### Data block

== == ==

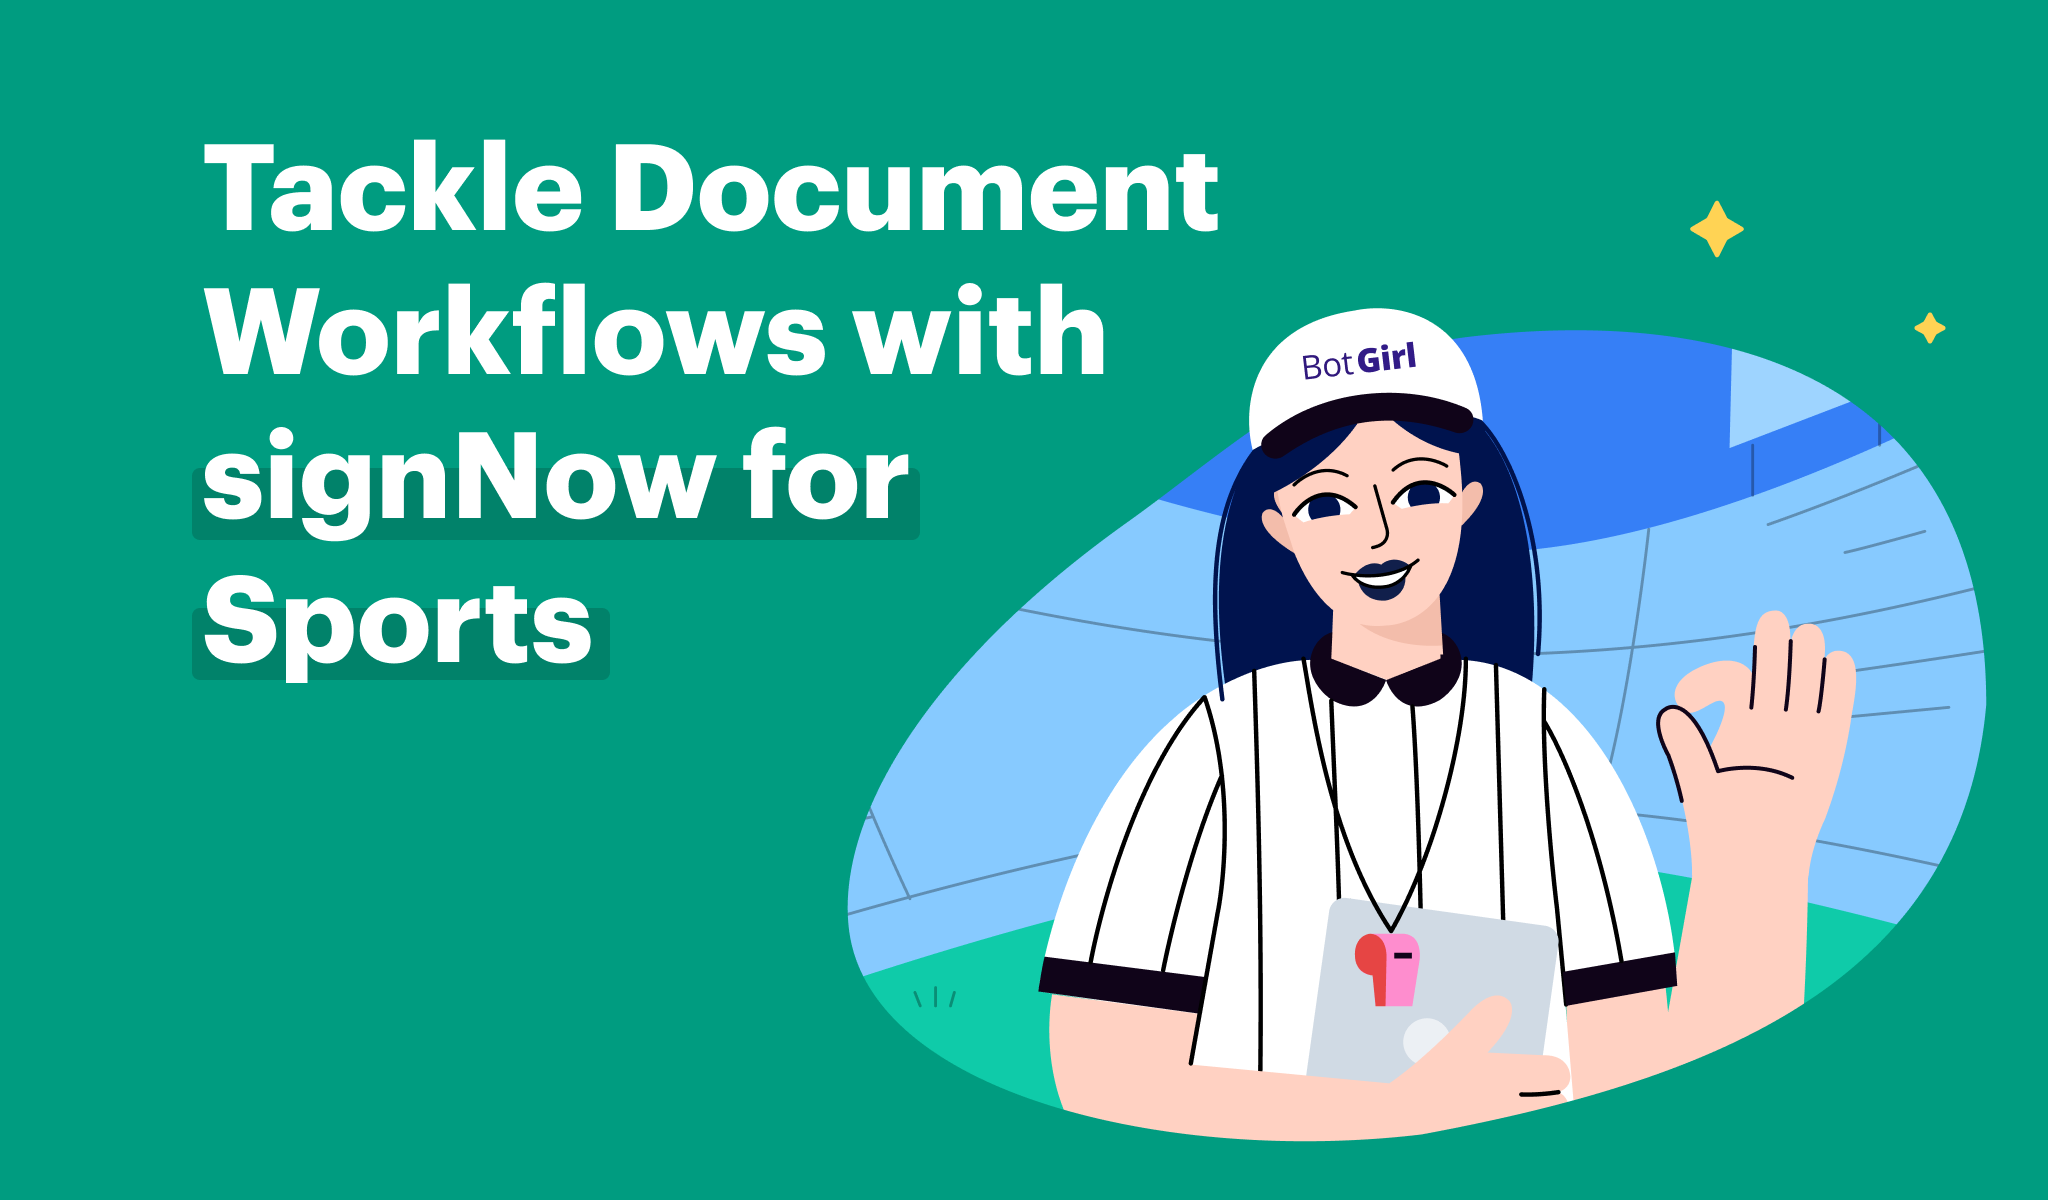 Tackle document workflows with signNow for Sports
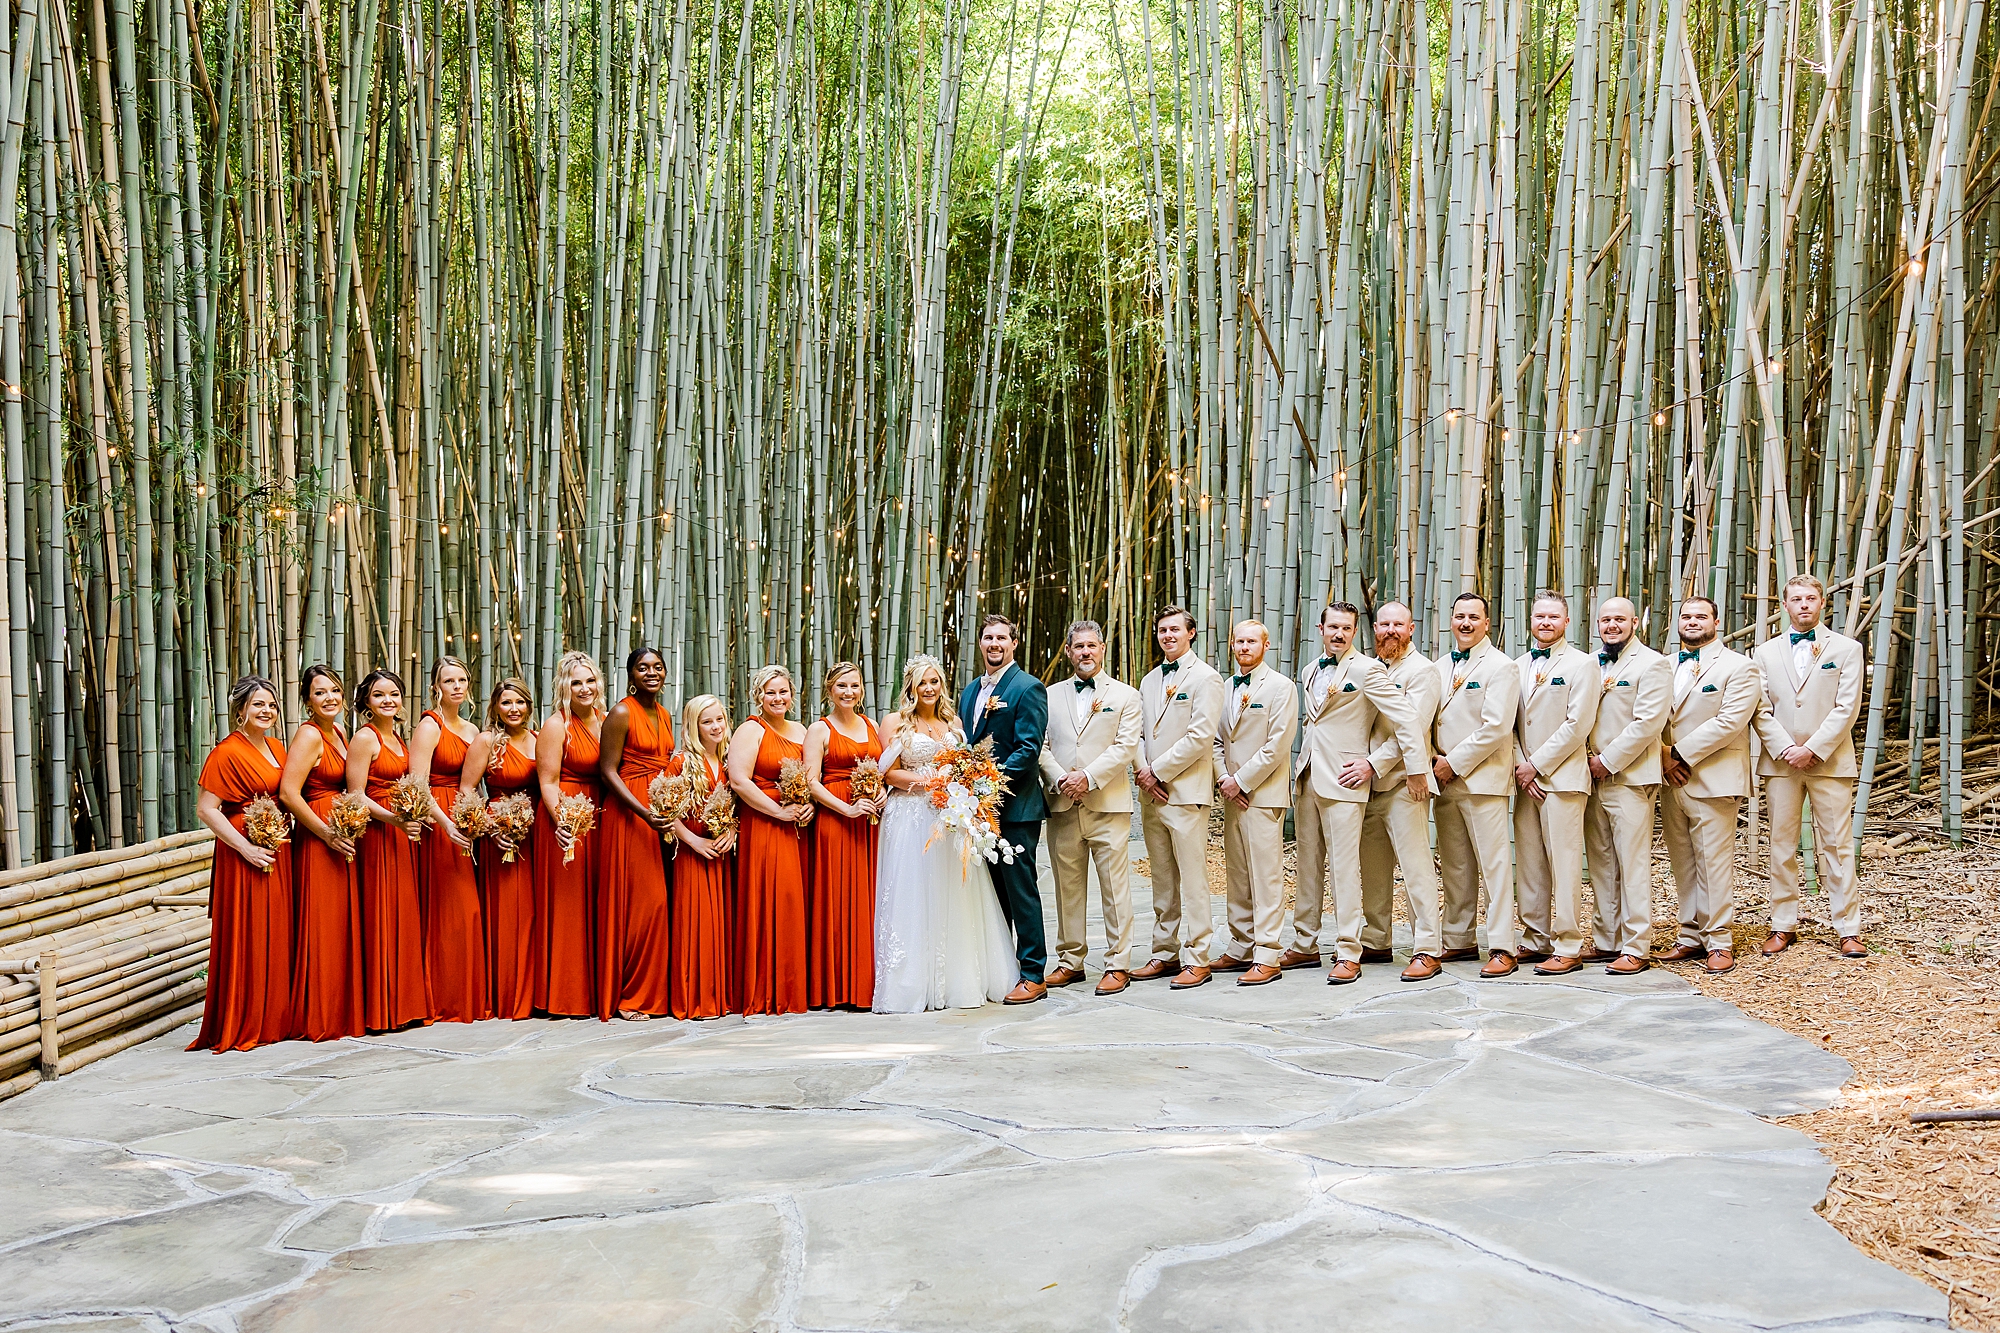 newlyweds pose with wedding party in tan and burnt orange in bamboo forest at Camelot Meadows
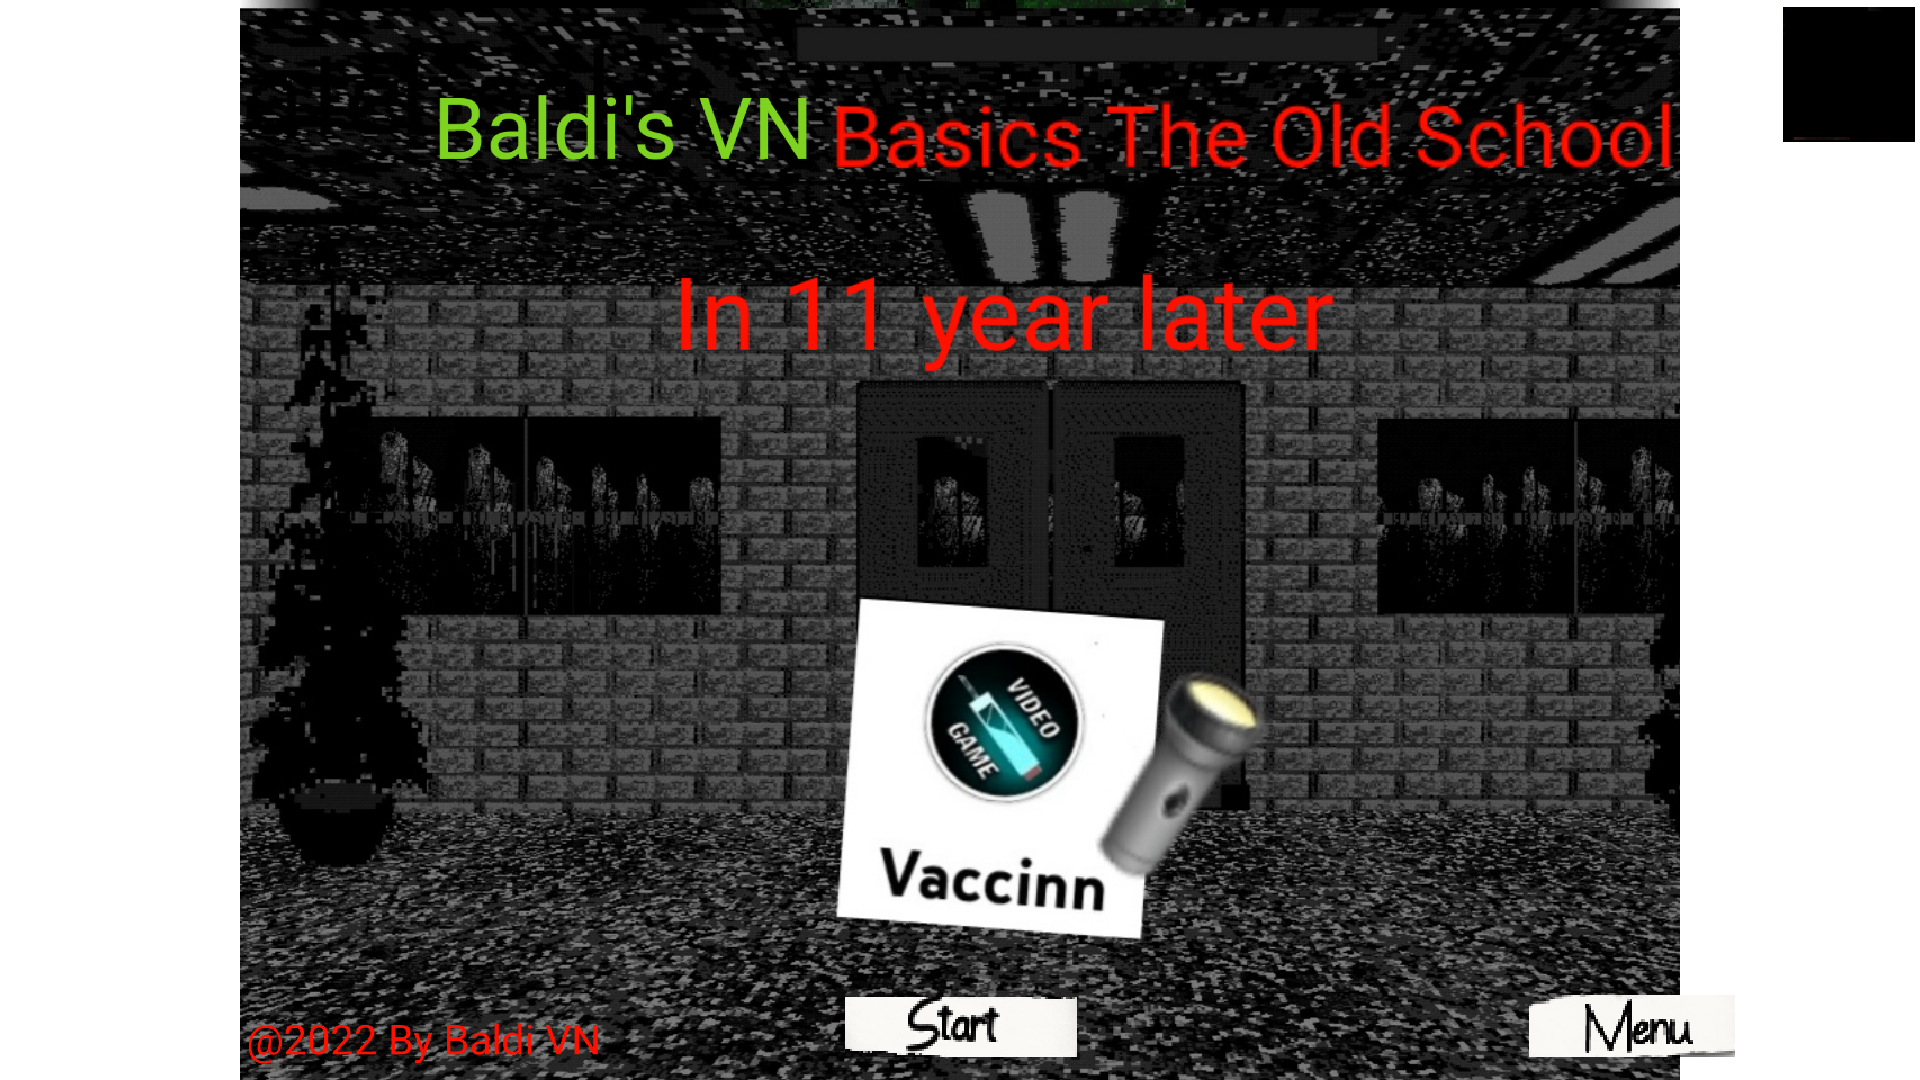 Baldi's VN Basics The Old School In 11 Year Later
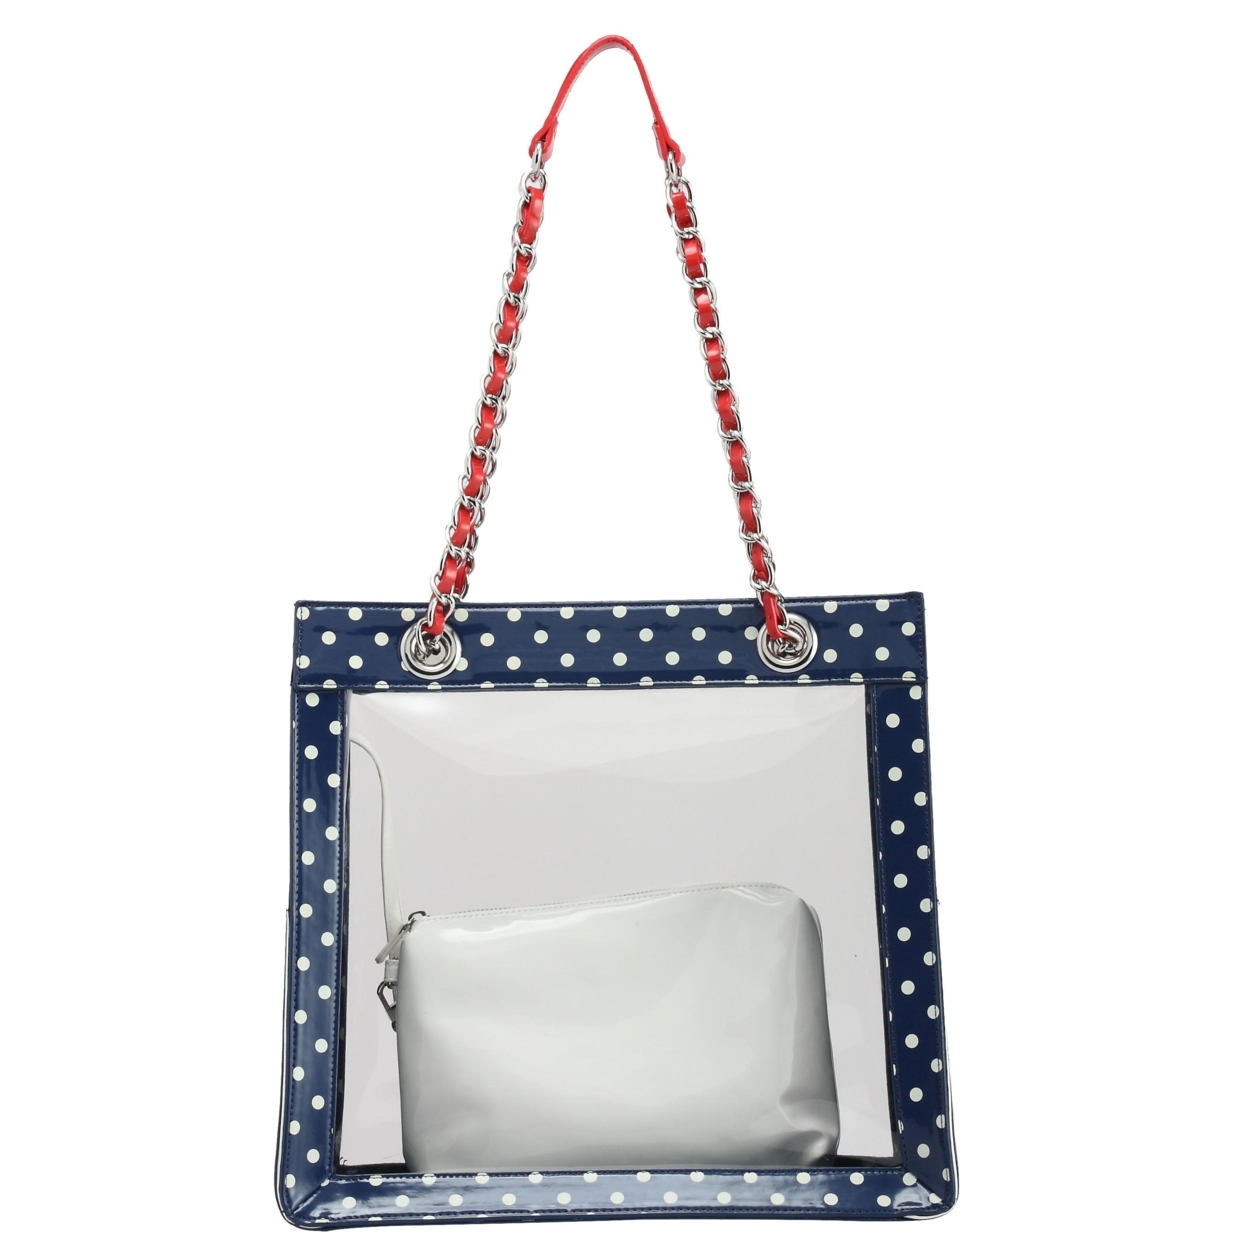 SCORE! Andrea Large Clear Designer Tote For School, Work, Travel - Navy Blue, White And Racing Red

== == ==

### Instructions for the task
Every line between the one containing "newlyweds pose with" and the last line of the data above, both included, should be copied exactly, but not the pictures.

### Solution for this problem
 newlyweds pose with wedding party in tan and burnt orange in bamboo forest at Camelot Meadows
 Baldi's VN Basics The Old School In 11 Year Later
 SCORE! Andrea Large Clear Designer Tote For School, Work, Travel - Navy Blue, White And Racing Red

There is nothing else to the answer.